→ **WHAT YOU HAVE TO DO**: With every picture left out, restate the listing below exactly as written.

→ **INPUT DATA**:
------------------------------

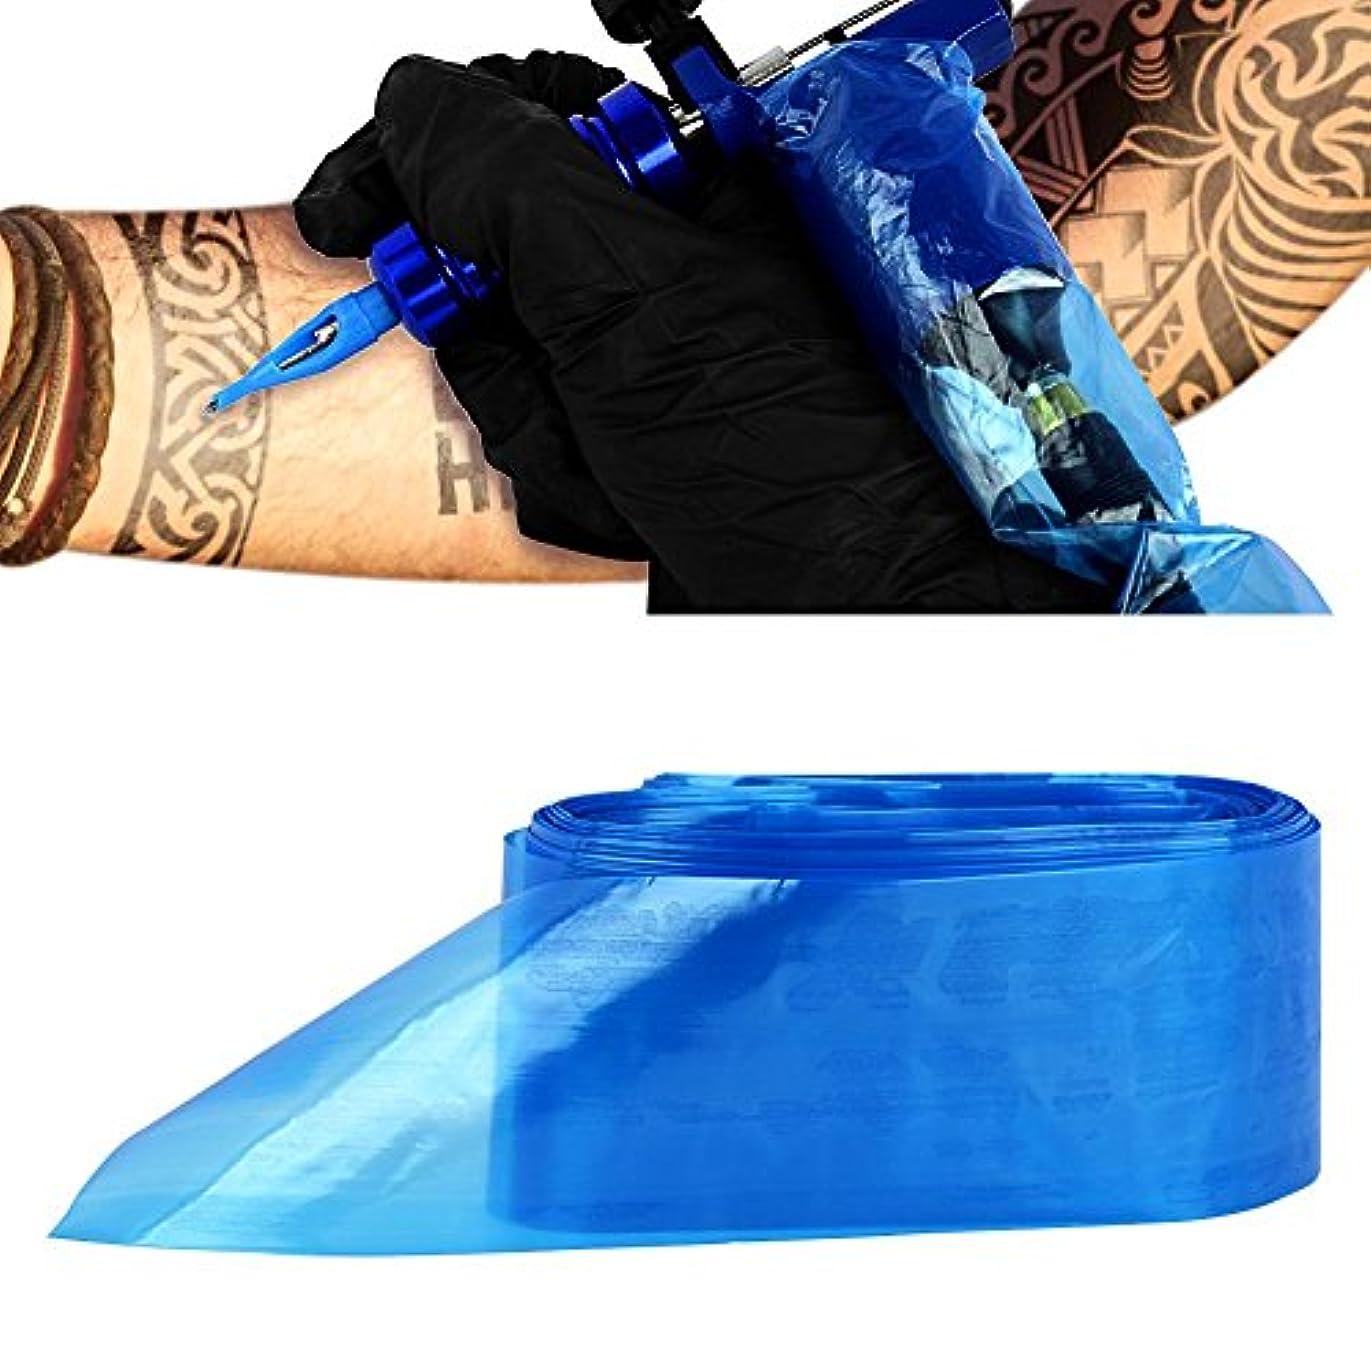 密輸これまでナプキンATOMUS タトゥークリップカバー バッグ タトゥ コード スリーブバッグ タトゥーマシンのため 使い捨て ブルー 100PCS
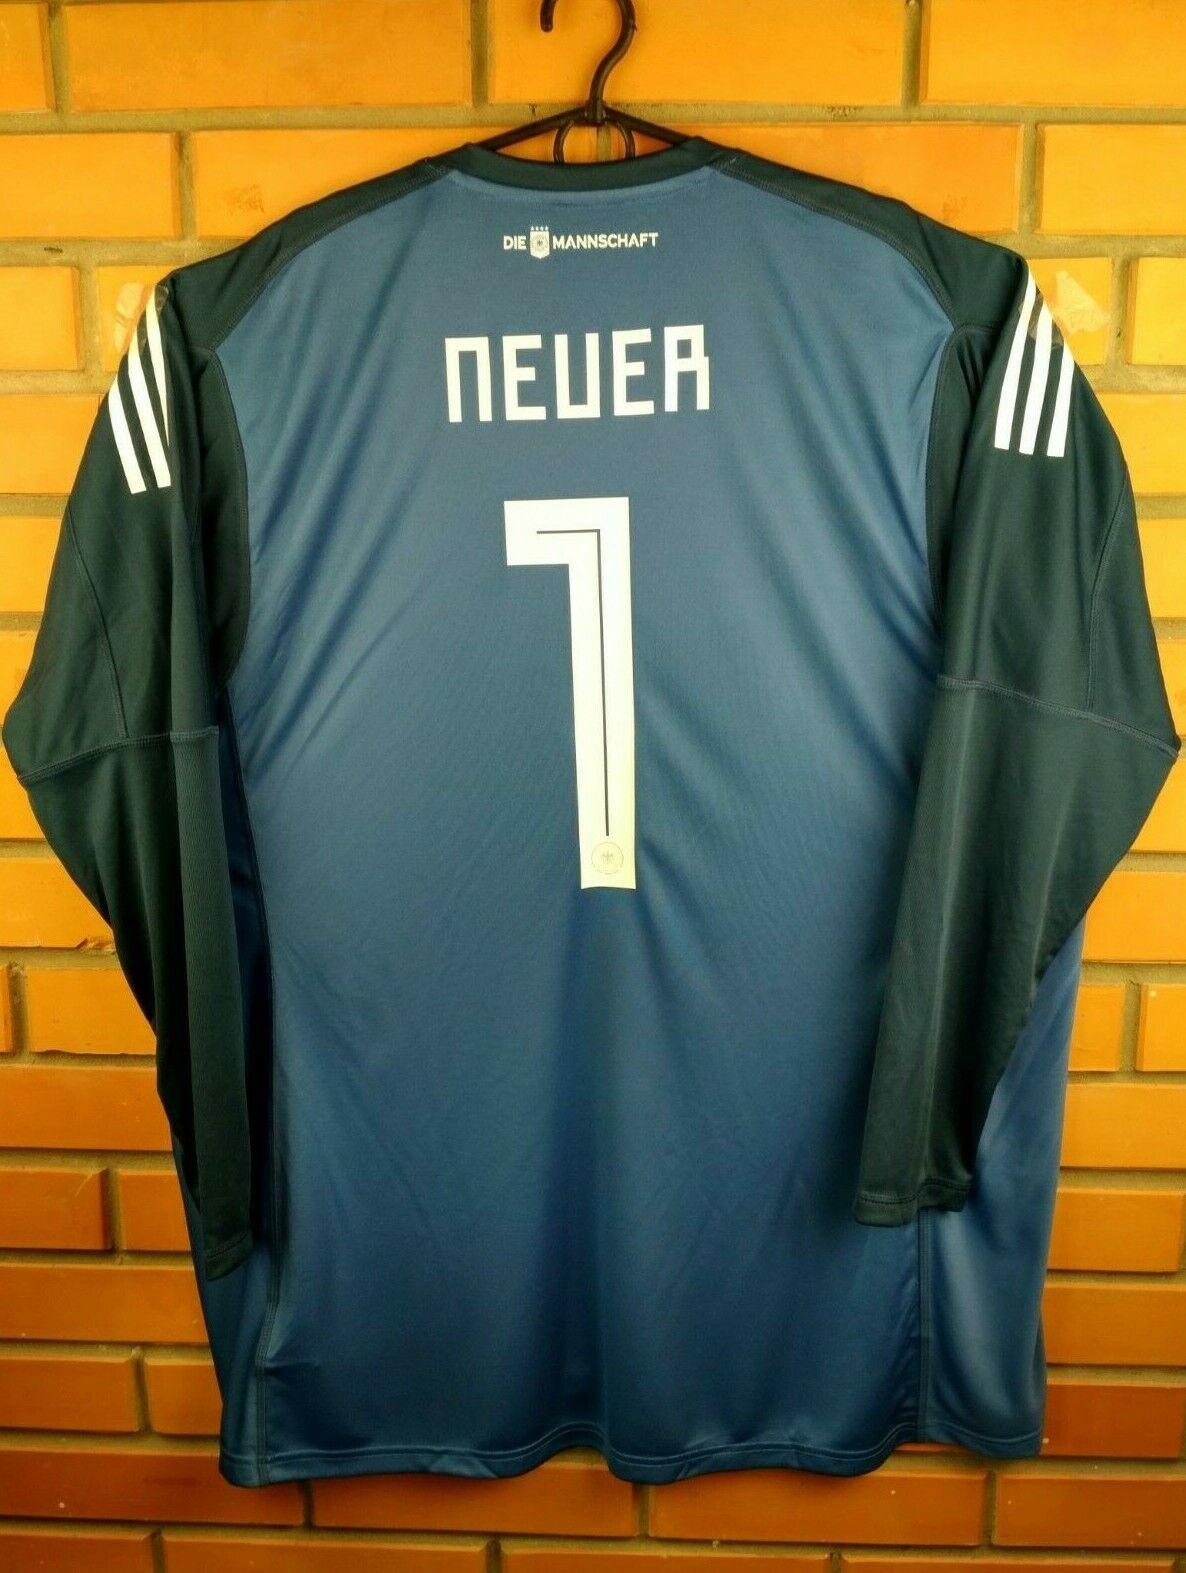 1010 Neuer Geruomoy soccer jersey XL 2018 goalkeeper shirt BR7831 Adidas
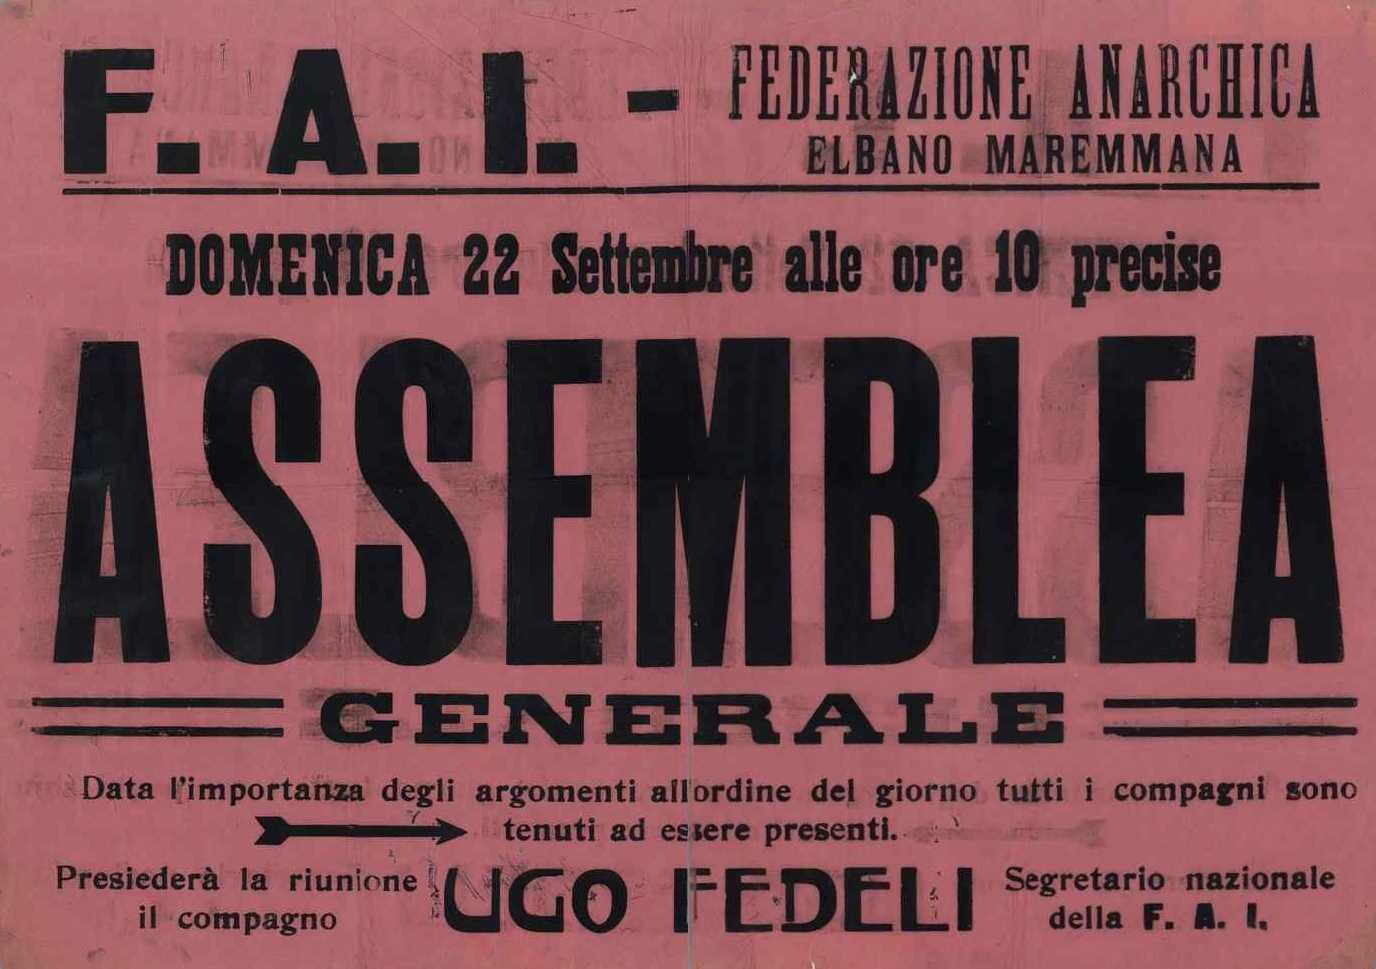 Cartell de l'Assemblea General de la FAEM

------------------------------

→ **EXERCISE SOLUTION**:
 密輸これまでナプキンATOMUS タトゥークリップカバー バッグ タトゥ コード スリーブバッグ タトゥーマシンのため 使い捨て ブルー 100PCS
 1010 Neuer Geruomoy soccer jersey XL 2018 goalkeeper shirt BR7831 Adidas
 Cartell de l'Assemblea General de la FAEM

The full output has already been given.